I cough as I realize that the saturated earth is almost to my chin. But my mind feels too far away for me to really realize it. "I'm coming to you Spinel, and then Garnet is going to pull us both out!" He says trying to get me to respond.

All I know is that he should not being coming anywhere near me. Or this poison. "Don't!" I shout through the burning pain. But I can't see what his reaction is, but I can hear him land into the terrain next to me.

I watch him dig his hand into the ground, eyes wide with pain, but concentrated on the task. I reach is hand and he pulls me out of the ground a little, as he simultaneously pushes himself in. I know that he realizes that it's poison, but I can only hope that because I am also stuck with him, that I had no idea that this had happened.

But soon enough, with our faces twisted in matching pain, he shouts to Garnet, "OKAY PULL US IN!" All I hear is the ship engine roar on. Worry flashes through my mind. She isn't going to save us, she is stealing the ship! But before I could tell that to Steven, we are both throttled out of the ground.

I look up, with wild fear in my mind. But I am too shocked to speak my concern. Steven helps me up from the ground, and we walk forward, sloshing through the mud. He helps us travel quickly to the ship, using the rope to pull us forward.
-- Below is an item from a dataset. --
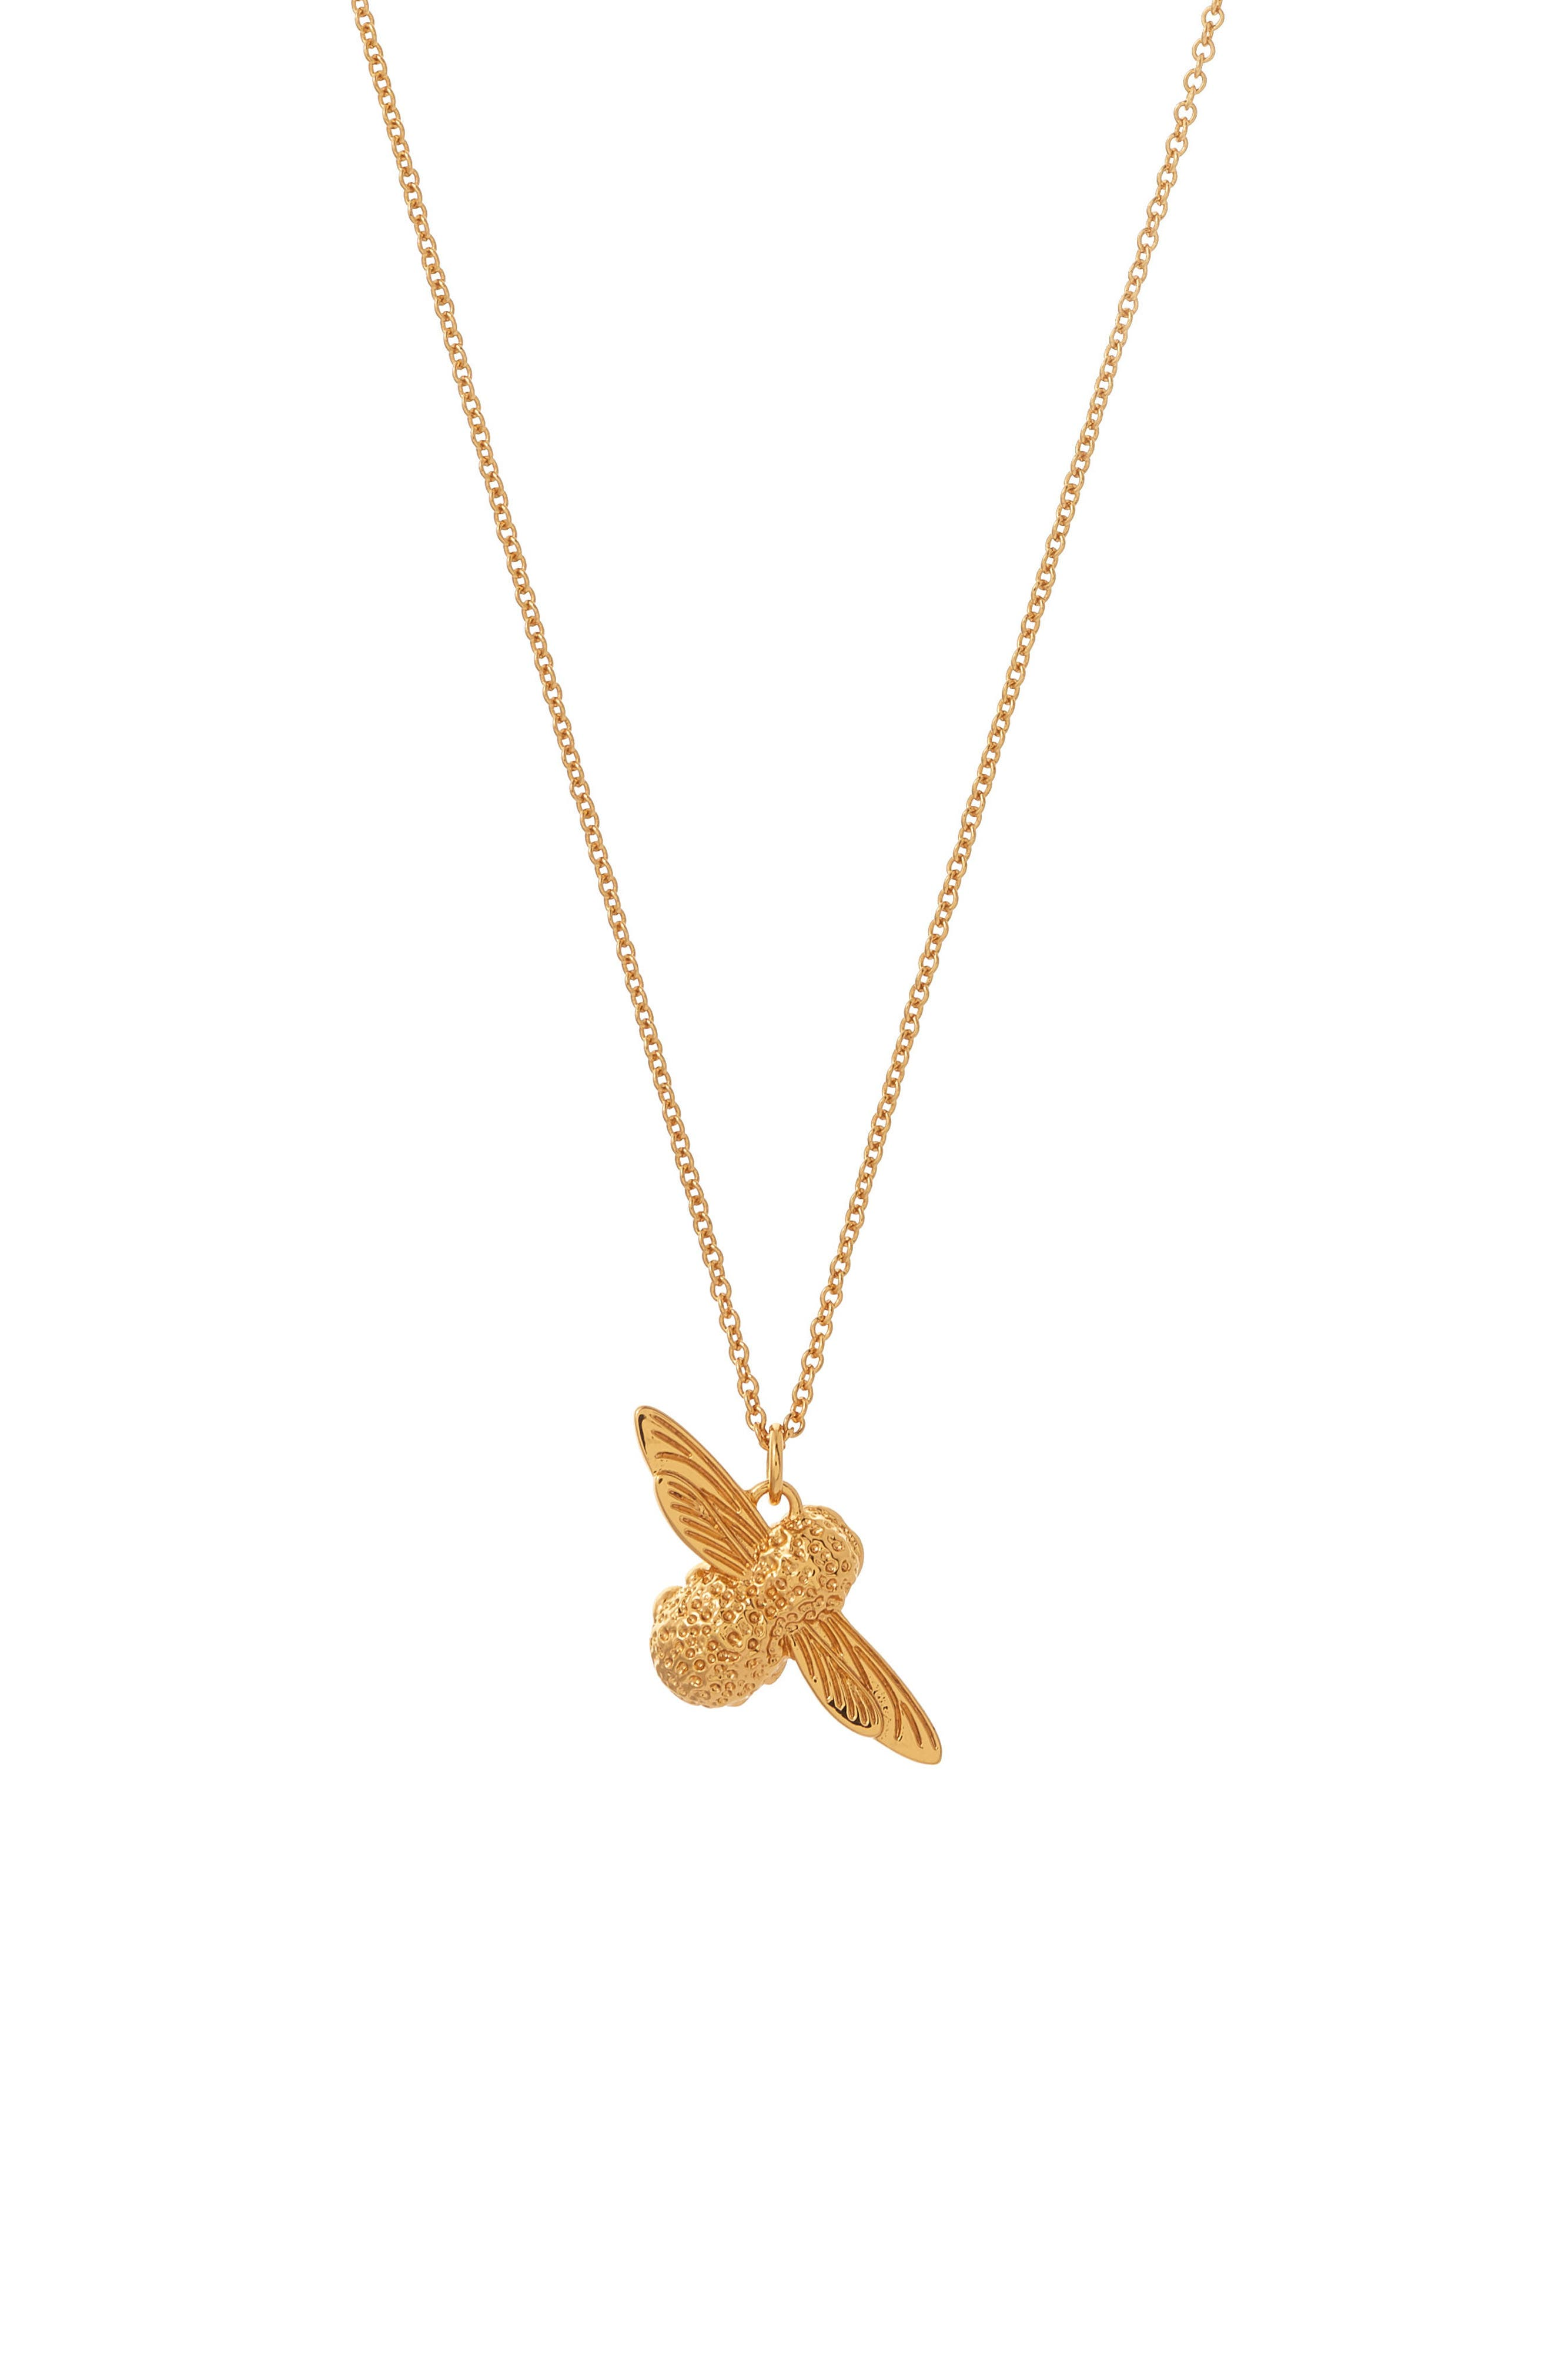 3D Bee Pendant Necklace,                             Main thumbnail 1, color,                             Gold

It takes me a second to realize that Garnet had tied a rope to a rung of a ladder on the ship, and then piloted the ship to thrust us out of the ship. She wasn't leaving, she was using the power from the shuttle to get us out of the ground.

Soon we make it to the ship, both of us worn but only one of us weary. Stepping onto the ship was a tough and tiring battle of its own. With my gem still on fire from the poison, all I want to do is get the toxic mud off of me. And I hope that he isn't feeling the same.

I hope that he isn't suffering as much as me, just because I got myself into a dangerously stupid decision. I mentally laugh at myself, I could have gotten him heart because I was trying to prevent him from being hurt.

But I mean, that's how it always works, isn't it?